In [None]:
import numpy as np
import pandas as pd
from RMKMC import *

Implement the measurements 'Accuracy' and 'Purity'. NMI is already provided in sklearn.

In [None]:
from sklearn.metrics import confusion_matrix
from sklearn.utils.linear_assignment_ import linear_assignment
from sklearn.metrics.cluster import normalized_mutual_info_score

# Accuracy (inspired by https://smorbieu.gitlab.io/accuracy-from-classification-to-clustering-evaluation/)
def accu(y_true, y_pred):
    def _make_cost_m(cm):
        s = np.max(cm)
        return (- cm + s)
    cm = confusion_matrix(y_true, y_pred)
    indexes = linear_assignment(_make_cost_m(cm))
    js = [e[1] for e in sorted(indexes, key=lambda x: x[0])]
    cm2 = cm[:, js]
    print(cm2)
    return np.trace(cm2)/np.sum(cm)

# Purity 
def purity(y_true, y_pred):
    cm = confusion_matrix(y_true, y_pred)
    return np.sum(np.max(cm, axis = 0)) / np.sum(cm)

# Utility function to output the measurement results
def my_output(data_name, gamma, y_true, y_pred):
    accuracy = accu(y_true,y_pred)
    print("Accuracy of RMKMC on", data_name, "with gamma=", gamma, "is", accuracy)

    puri = purity(y_true,y_pred)
    print("Purity of RMKMC on", data_name, "with gamma=", gamma, "is", puri)

    nmi = normalized_mutual_info_score(y_true, y_pred)
    print("NMI of RMKMC on", data_name, "with gamma=", gamma, "is", nmi)
    return (accuracy, puri, nmi)

## Handwritten Numerals

Read raw datasets. The 6 views are already separated. There are exactly 200 samples in each class.

In [None]:
fou = pd.read_csv('mfeat-fou', sep=' +', header=None)
fac = pd.read_csv('mfeat-fac', sep=' +', header=None)
kar = pd.read_csv('mfeat-kar', sep=' +', header=None)
pix = pd.read_csv('mfeat-pix', sep=' +', header=None)
zer = pd.read_csv('mfeat-zer', sep=' +', header=None)
mor = pd.read_csv('mfeat-mor', sep=' +', header=None)

Create the true labels.

In [None]:
labels = [0]*200 + [1]*200 + [2]*200 + [3]*200 + [4]*200 + [5]*200 + [6]*200 + [7]*200 + [8]*200 + [9]*200

Xs = [fou.values, fac.values, kar.values, pix.values, zer.values, mor.values]

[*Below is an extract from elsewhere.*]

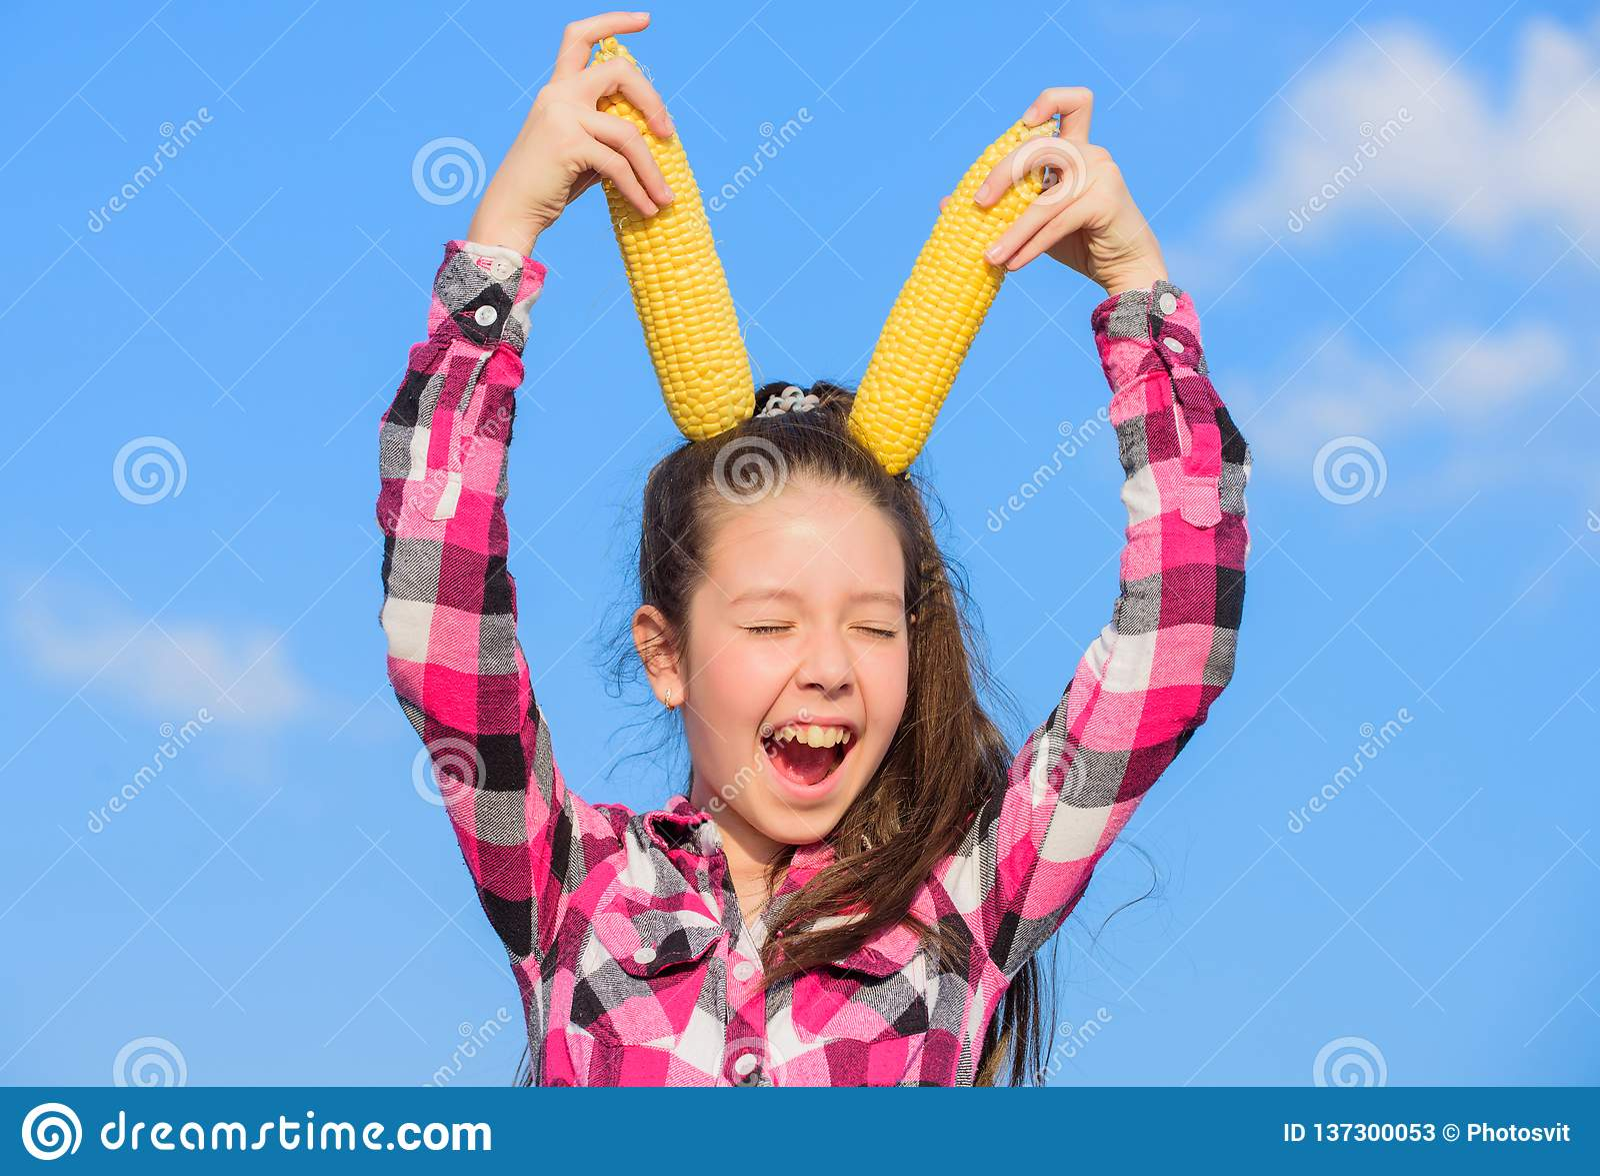 Κίτρινος σπάδικας καλαμποκιού λαβής κοριτσιών παιδιών στο υπόβαθρο ουρανού Ώριμα δημητριακά λαβής κοριτσιών εύθυμα Χορτοφάγος και

Run the algorithm using random initialization.

In [None]:
k = 10
gamma = 3
n_iterations = 300

ind_matrix, Fs, aa = RMKMC(Xs, k, gamma, n_iter = n_iterations)
print("weight distribution is", aa)
my_labels = deonehot(ind_matrix)

Report performance

In [None]:
my_output("digits", gamma, labels, my_labels)

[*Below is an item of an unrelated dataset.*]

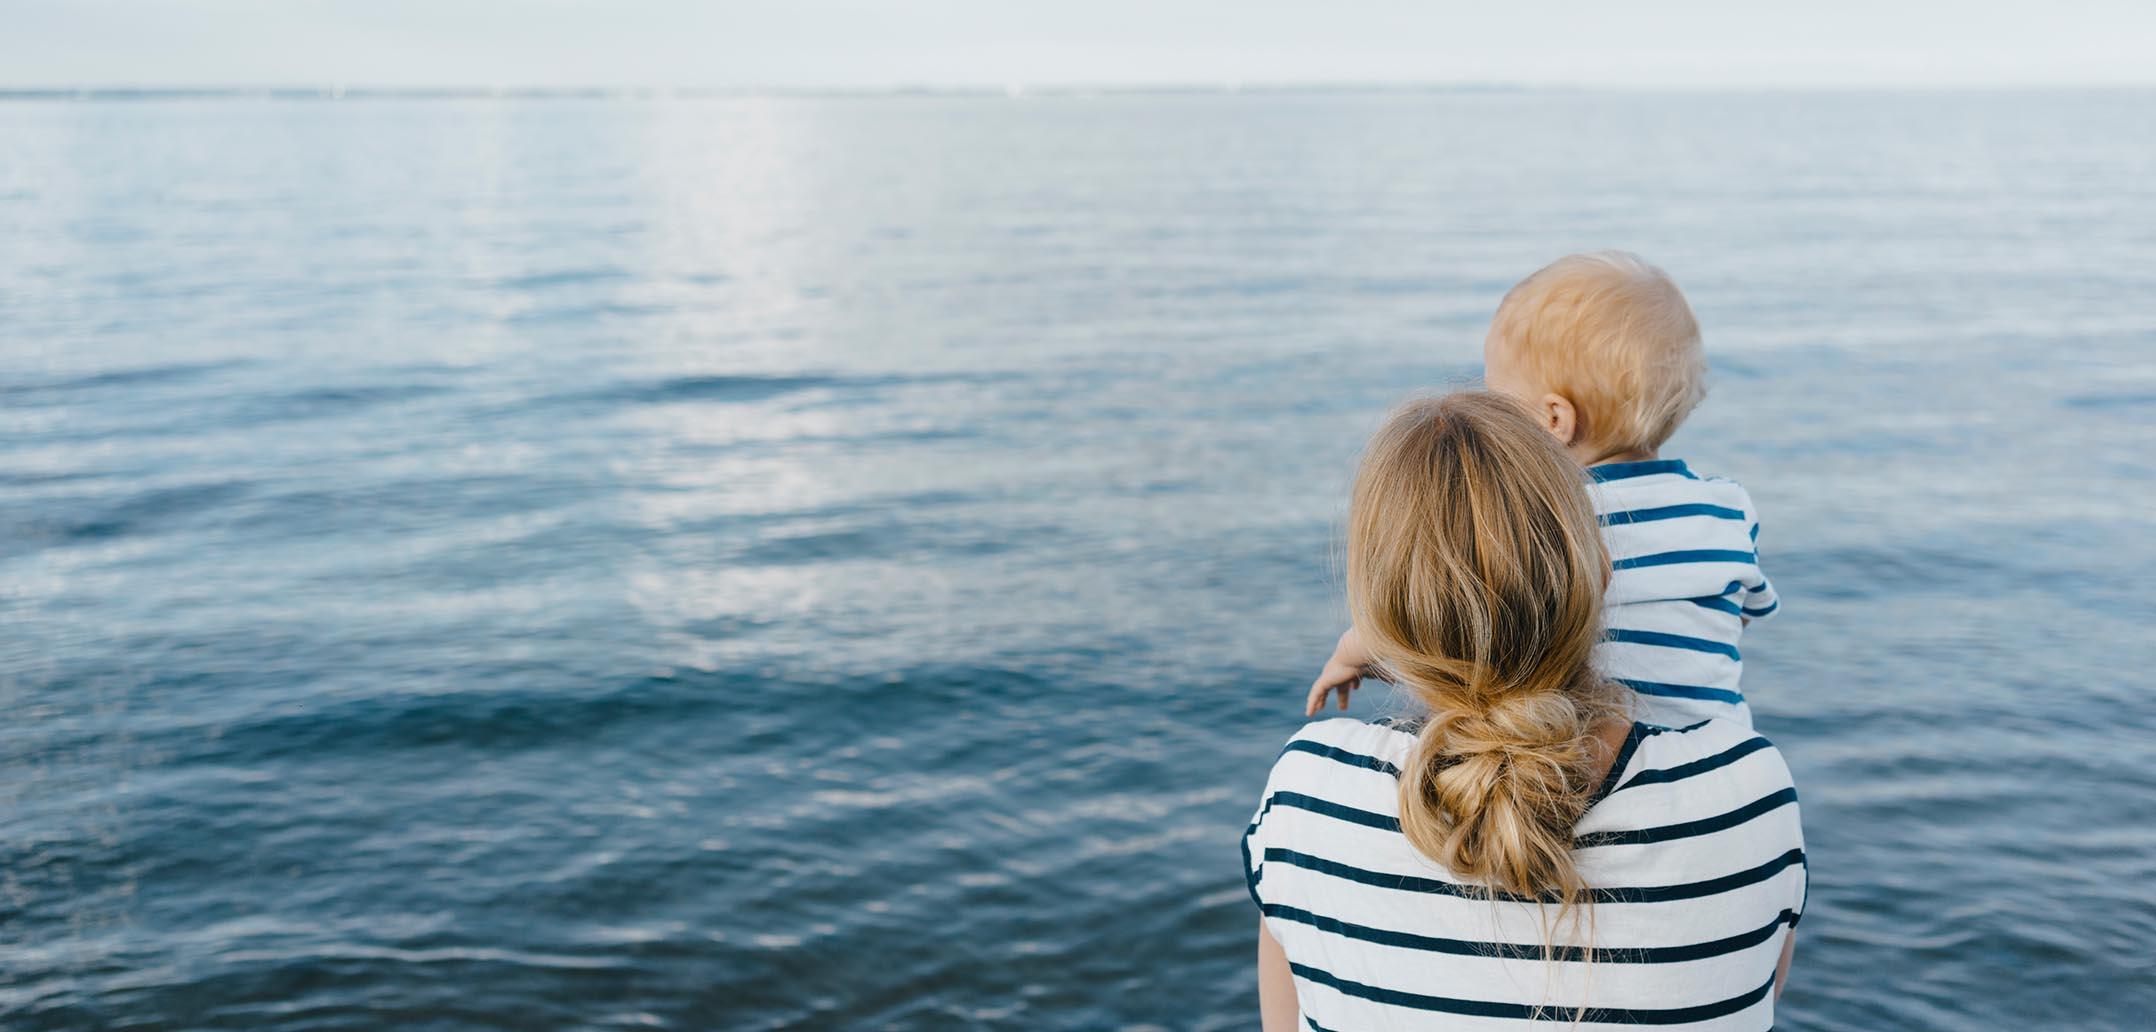 Schränkt das Eltern-Sein die Reisen ein?

Run the algorithm using kmeans++ intialization.

In [None]:
k = 10
gamma = 3
n_iterations = 300

ind_matrix, Fs, aa = RMKMC(Xs, k, gamma, n_iter = n_iterations, initialization = 'pp')
print("weight distribution is", aa)
my_labels = deonehot(ind_matrix)

Report performance.

In [None]:
my_output("digits", gamma, labels, my_labels)